Computational Cost: Let’s be honest, this is slow. Training a model dozens or hundreds of times isn’t trivial. For large datasets, you might need to use the step parameter in RFE to eliminate features in chunks or stick with faster models (like linear models instead of large GBMs) for the selection process itself.
The Model is the Boss: Remember, the features are selected for that specific model. The best subset for a LinearRegression might be useless for a RandomForest. If you change your model, you need to re-run the feature selection. There’s no universal “best feature set.”

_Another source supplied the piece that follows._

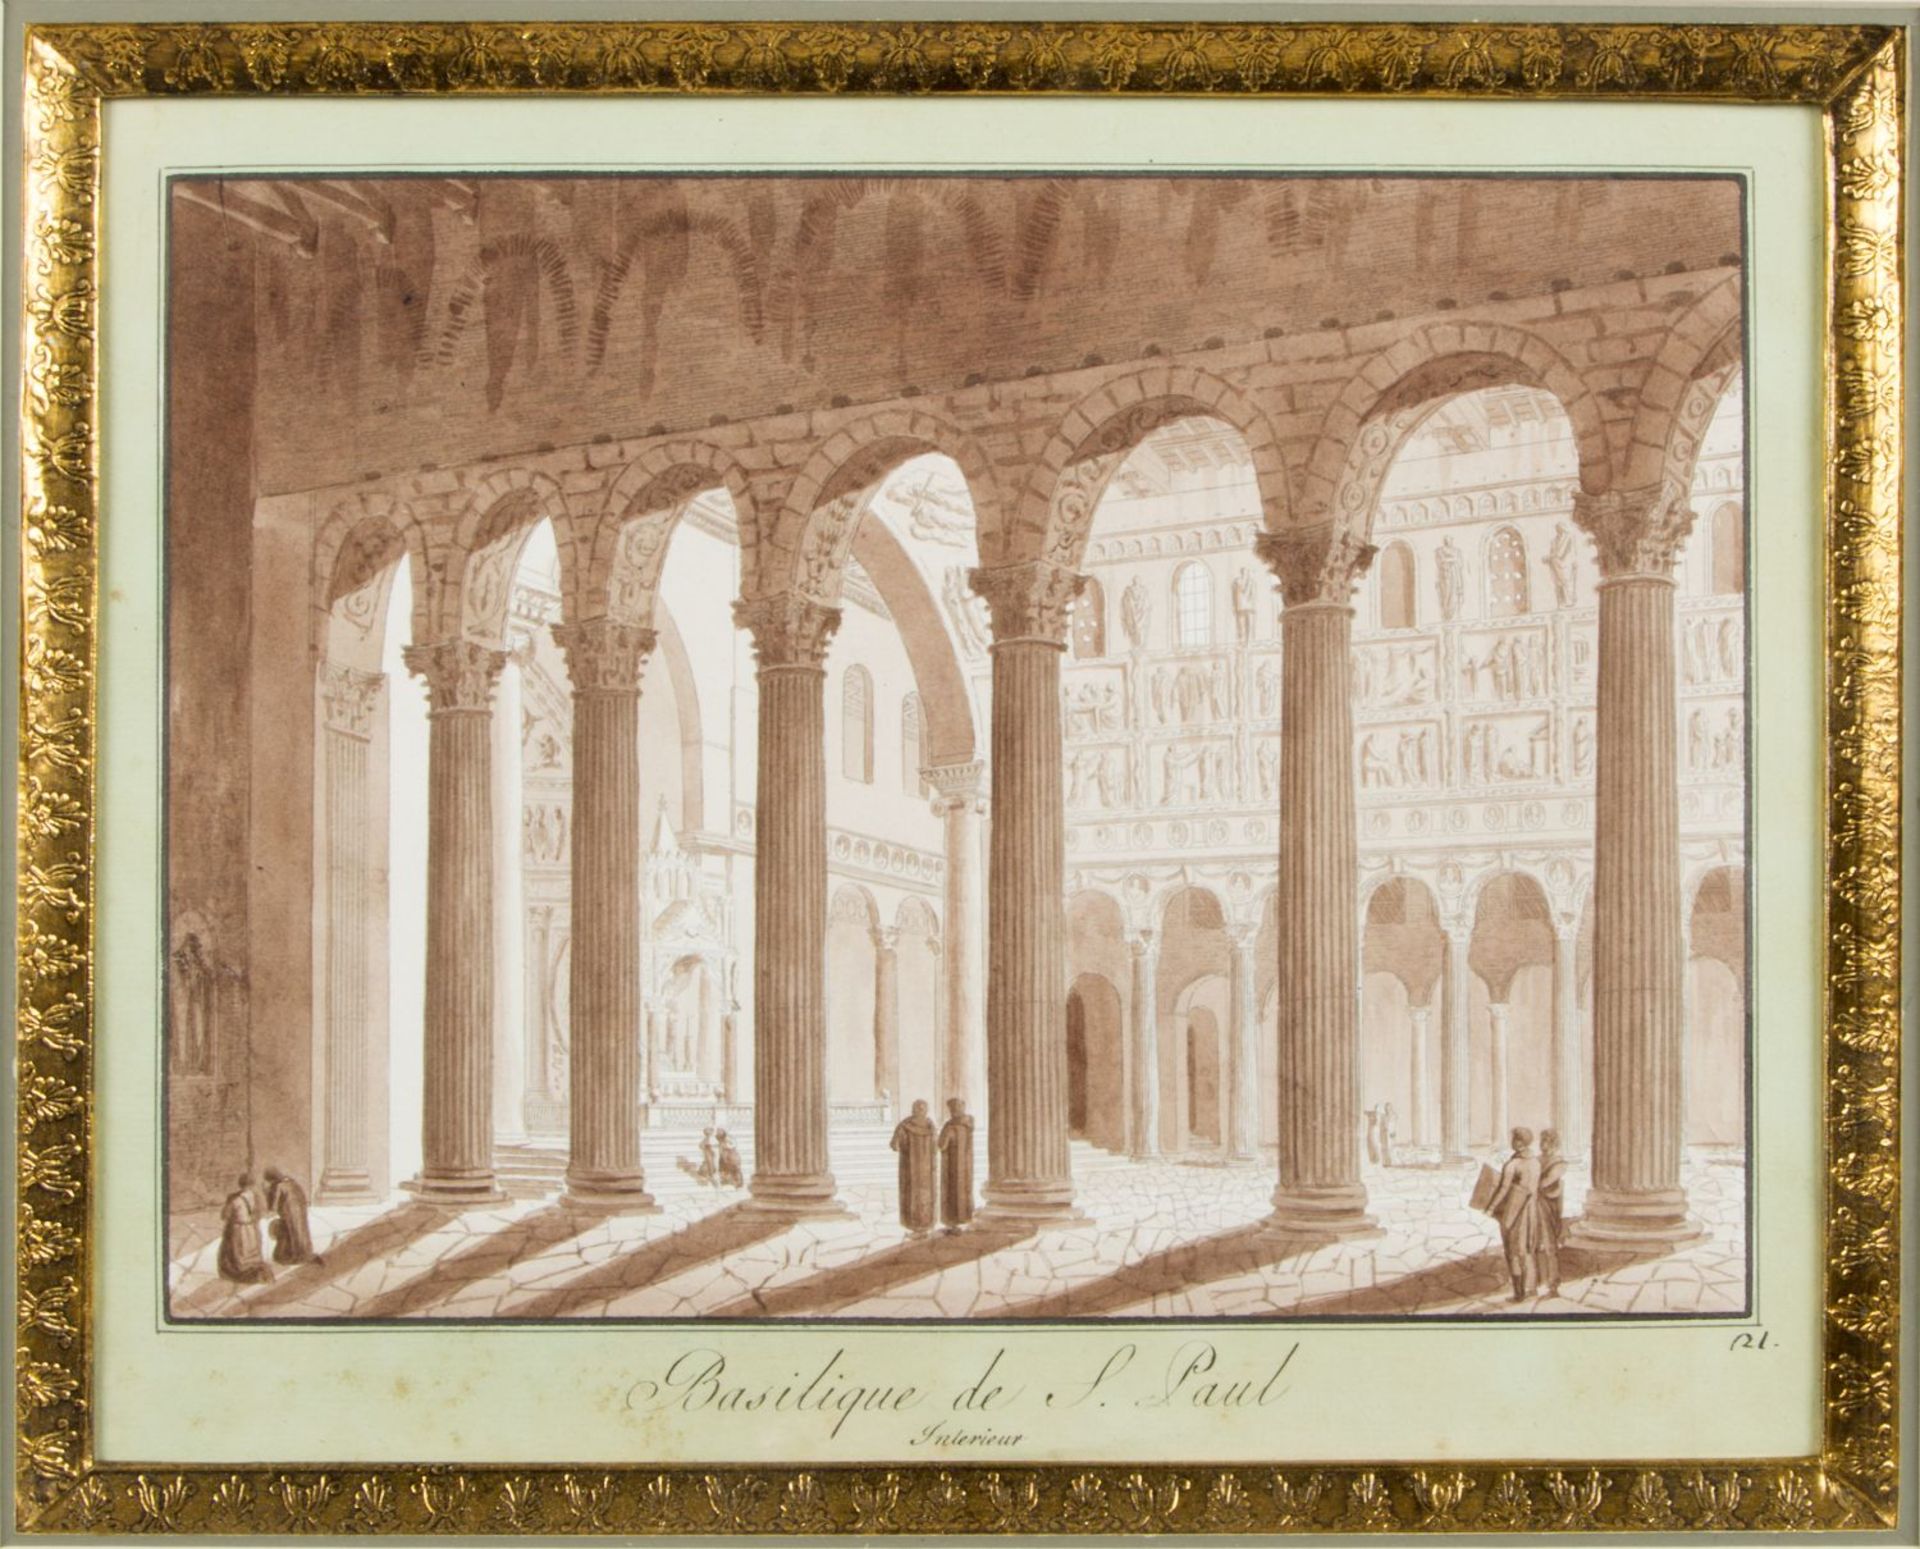 Uggeri, Angelo. 1754 - 1837. Zugeschrieben Basilique de S. Paul Interieur. Braun lavierte Tuschfeder
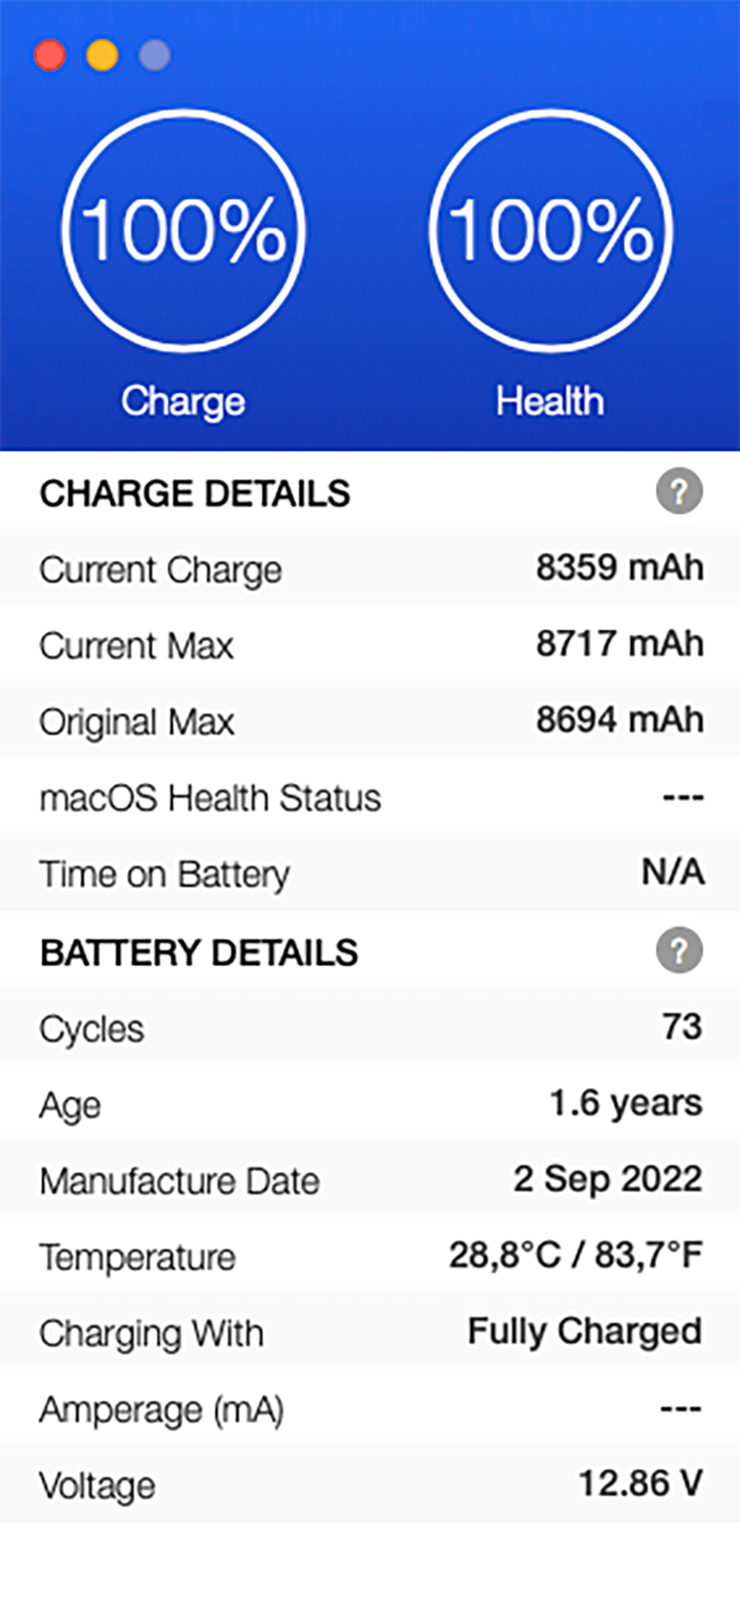 Battery Doctor расскажет про циклы перезарядки, возраст батареи, ее максимальную и реальную емкость и поможет определить, если батарею в ноутбуке меняли

The Random State Gambit: Many models have stochastic elements. If you don’t set random_state in your estimator (e.g., for an SGDRegressor or a RandomForest), the feature importance scores can wobble between runs, leading to slightly different selected features. For reproducibility, lock it down.

Wrapper methods are your go-to when you need a precise, model-specific answer to the feature selection question. They cut through the noise by letting the model’s performance do the talking. Just be sure to avoid the leakage trap—it’s the number one mistake that makes the results look better than they are. Trust me, I’ve been there. It’s a facepalm moment you want to avoid.